Data to process
■ ■ ■ ■

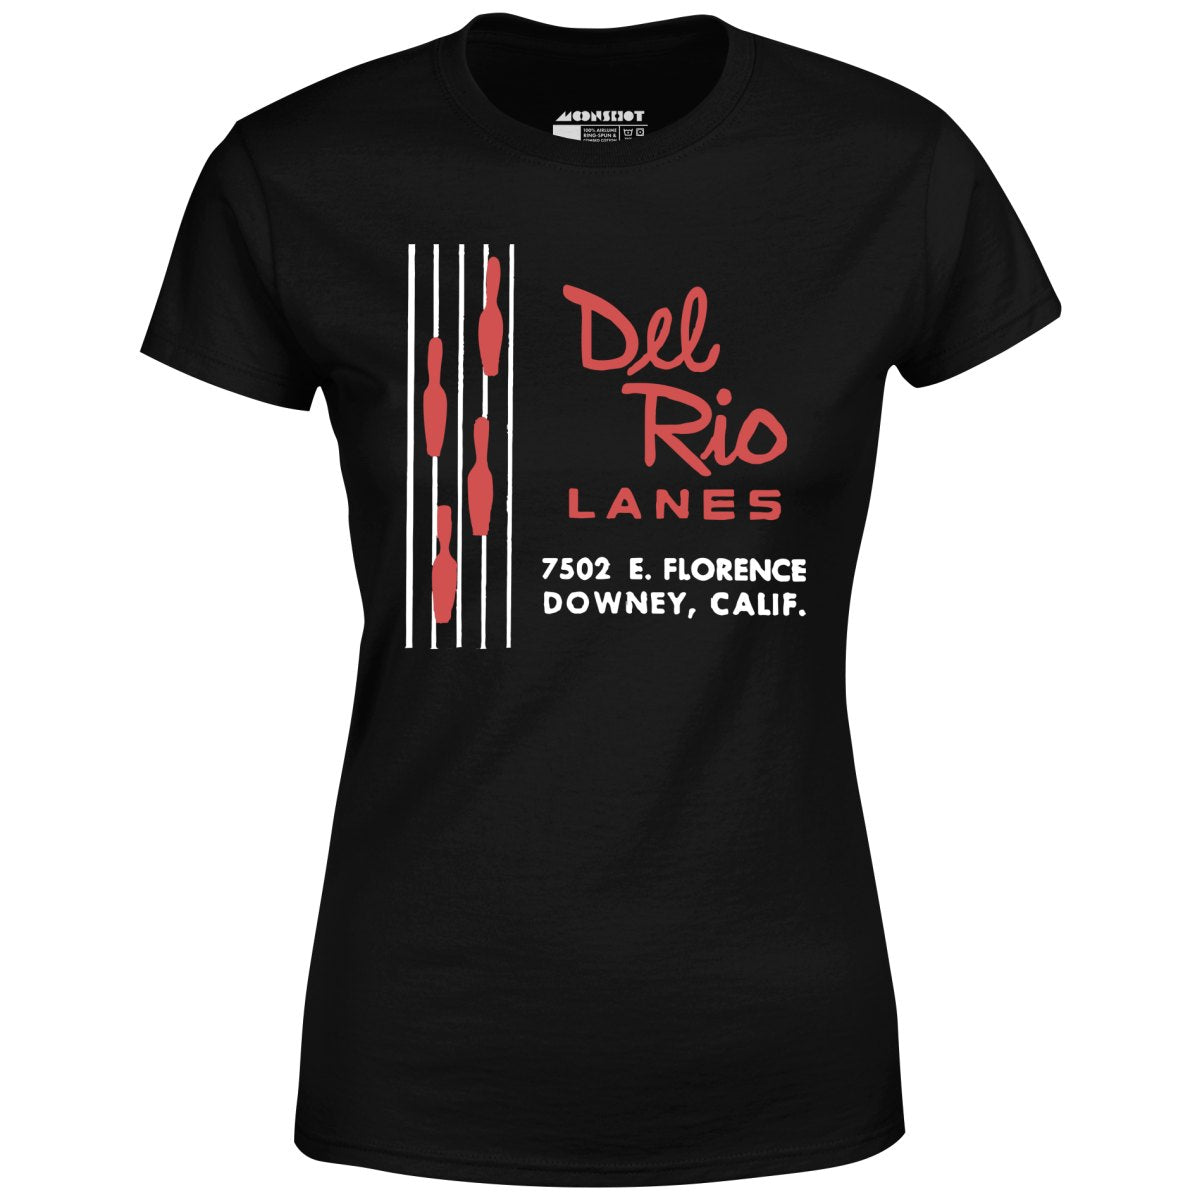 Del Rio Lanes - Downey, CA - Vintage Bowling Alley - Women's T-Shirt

■ ■ ■ ■

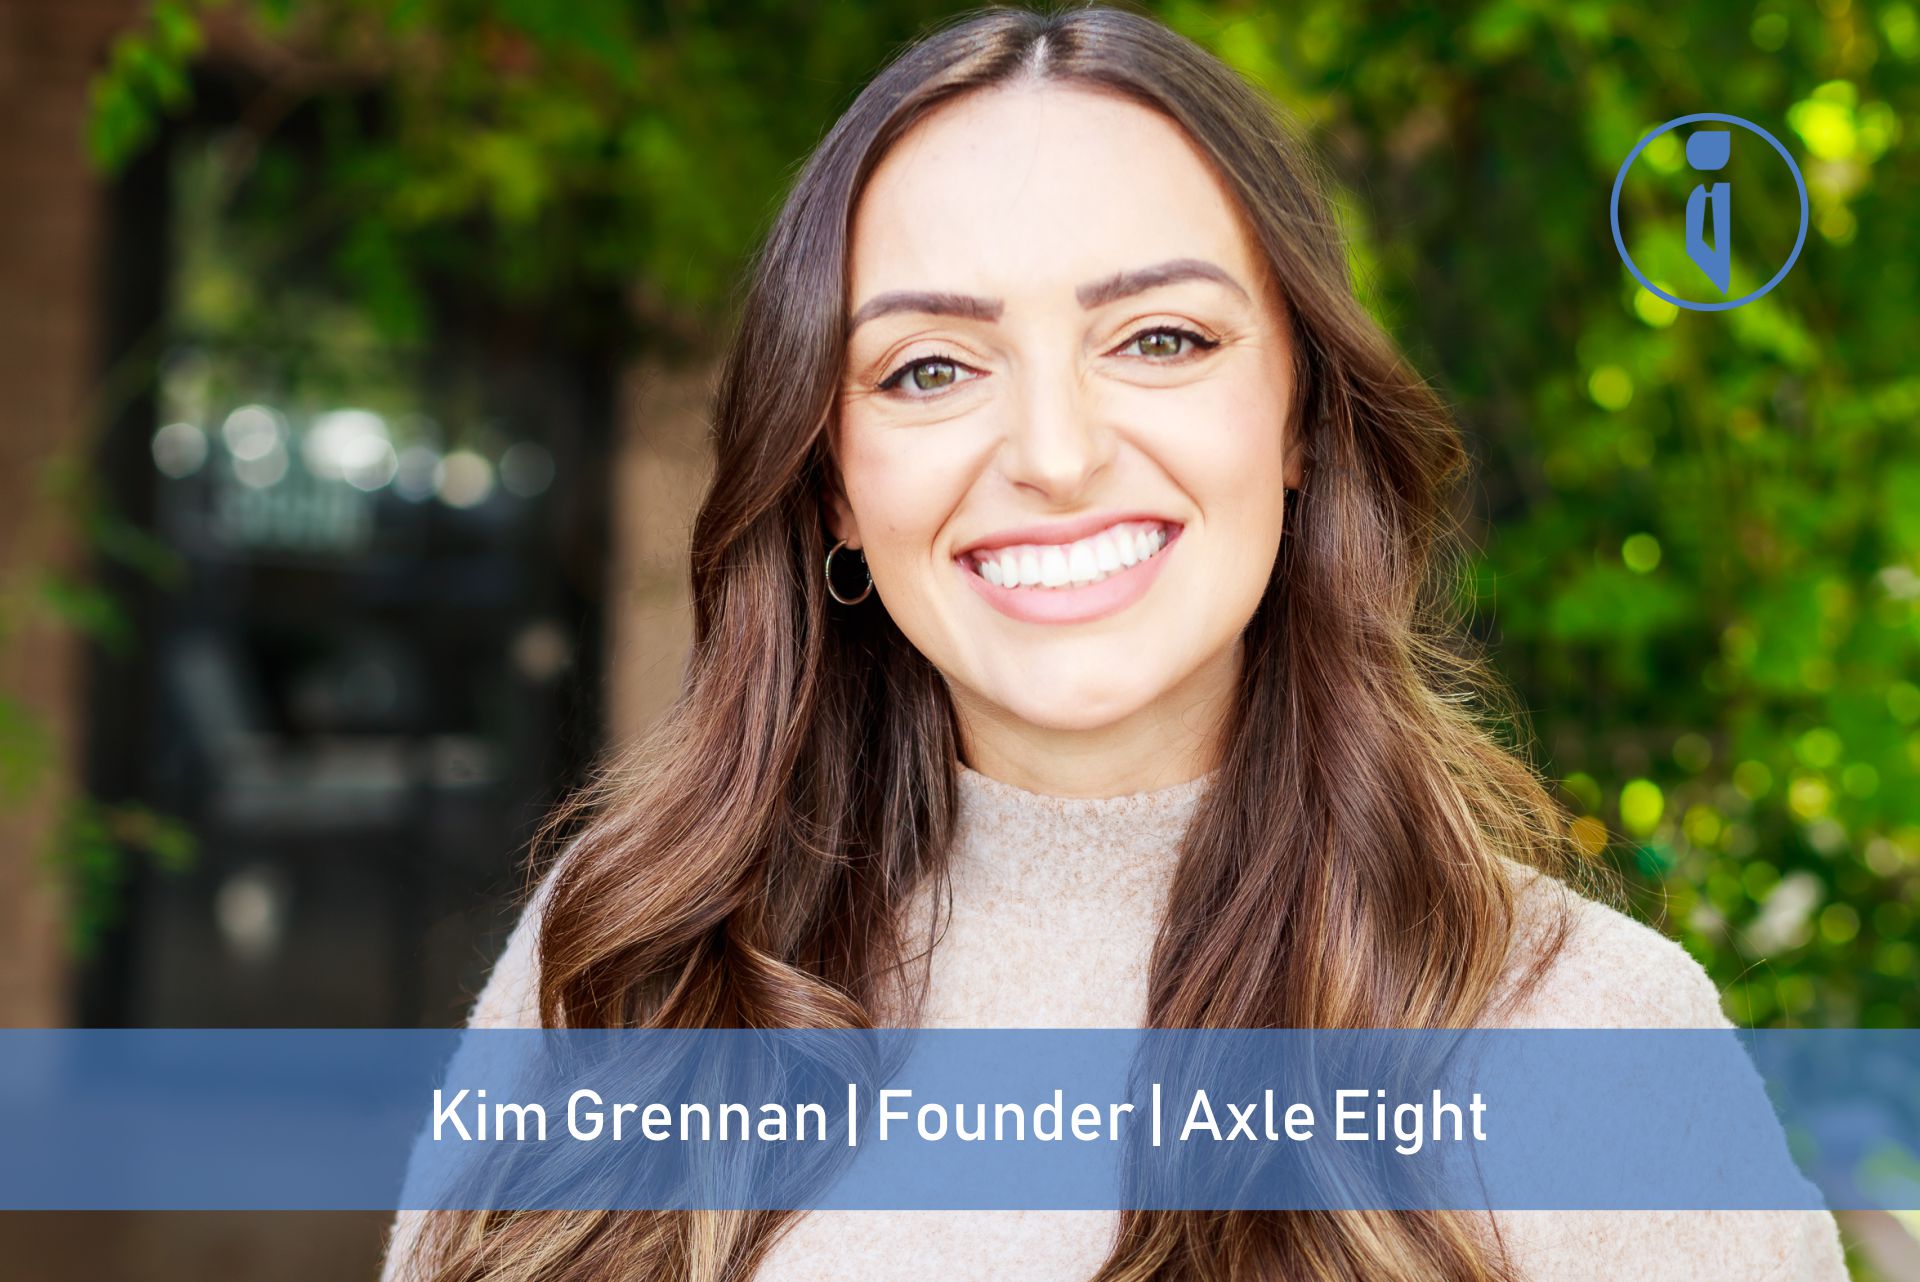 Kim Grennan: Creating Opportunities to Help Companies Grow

■ ■ ■ ■

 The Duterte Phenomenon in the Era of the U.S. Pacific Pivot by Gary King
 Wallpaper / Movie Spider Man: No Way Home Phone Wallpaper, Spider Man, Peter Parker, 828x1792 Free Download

■ ■ ■ ■

Your assignment
Write out exactly the lines above from the line with "The Duterte Phenomenon" through the line with "Wallpaper / Movie", both of them included, and leave out all other lines.

Exercise result
 The Duterte Phenomenon in the Era of the U.S. Pacific Pivot by Gary King
 Wallpaper / Movie Spider Man: No Way Home Phone Wallpaper, Spider Man, Peter Parker, 828x1792 Free Download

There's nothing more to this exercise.